Center-Based Child Care Rate Increase

  • Description
  • Funding History
  • Proposals

Increases in the rates the state pays to early education centers for each child in subsidized care can help facilitate improvements in salary, benefits, and working conditions for early education teachers. Having adequate rates for subsidized care providers is a significant challenge facing efforts to improve early education in the Commonwealth. Salaries for early education and care teachers in Massachusetts averaged just $26,000 in 2016. This is only 35 percent of average salaries paid to teachers in the public K-12 school system.

In FY 2018, the Governor, House, as well as the Senate proposed dedicated funding for salary increases and professional development for early educators through a new line item Center-Based Child Care Rate Increase. There was a similar line-item, Early Education and Care Provider Rate Increase, for the same purpose in FY 2017.

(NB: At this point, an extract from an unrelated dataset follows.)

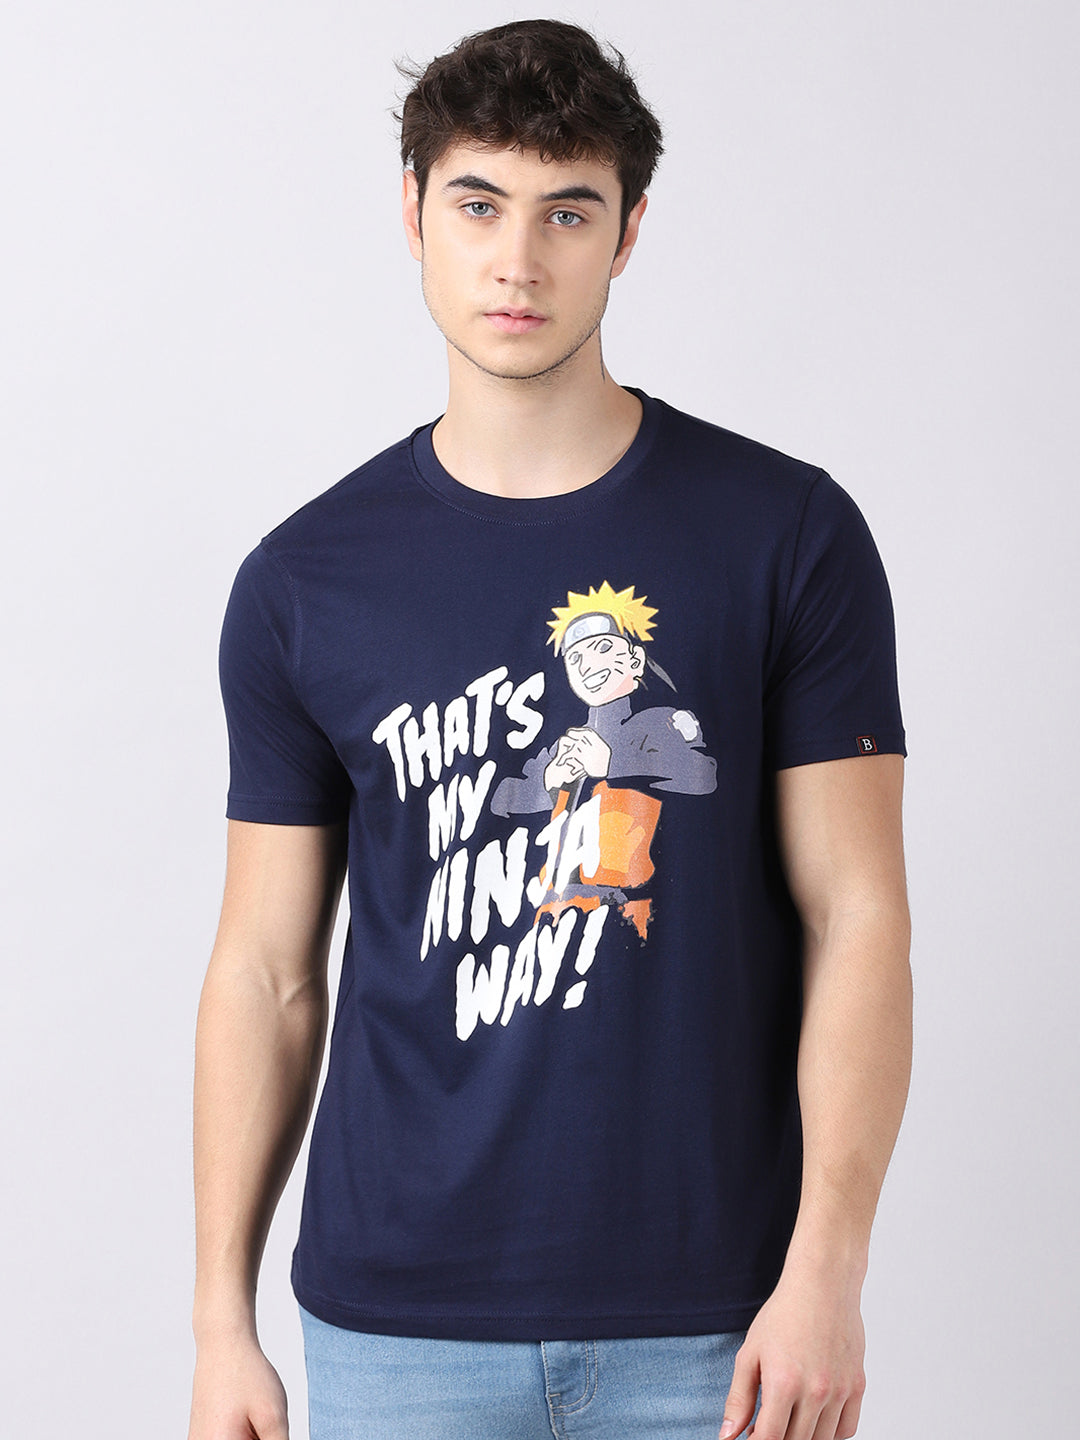 Naruto Ninja Way Epic Design Anime T-Shirt Graphic T-Shirts Bushirt

Salary and benefit increases along with professional development are key mechanisms to improve the quality of services available for young children. When rates paid by the state to child care centers are too low relative to their costs, early educators are unable to attain salaries and benefits in line with their training and state standards for delivering quality early care. This contributes to problems retaining qualified early education teachers and strain on centers offering services, particularly for low-income kids. This presents a major challenge limiting the Commonwealth’s ability to provide high-quality early education and care for more of our children.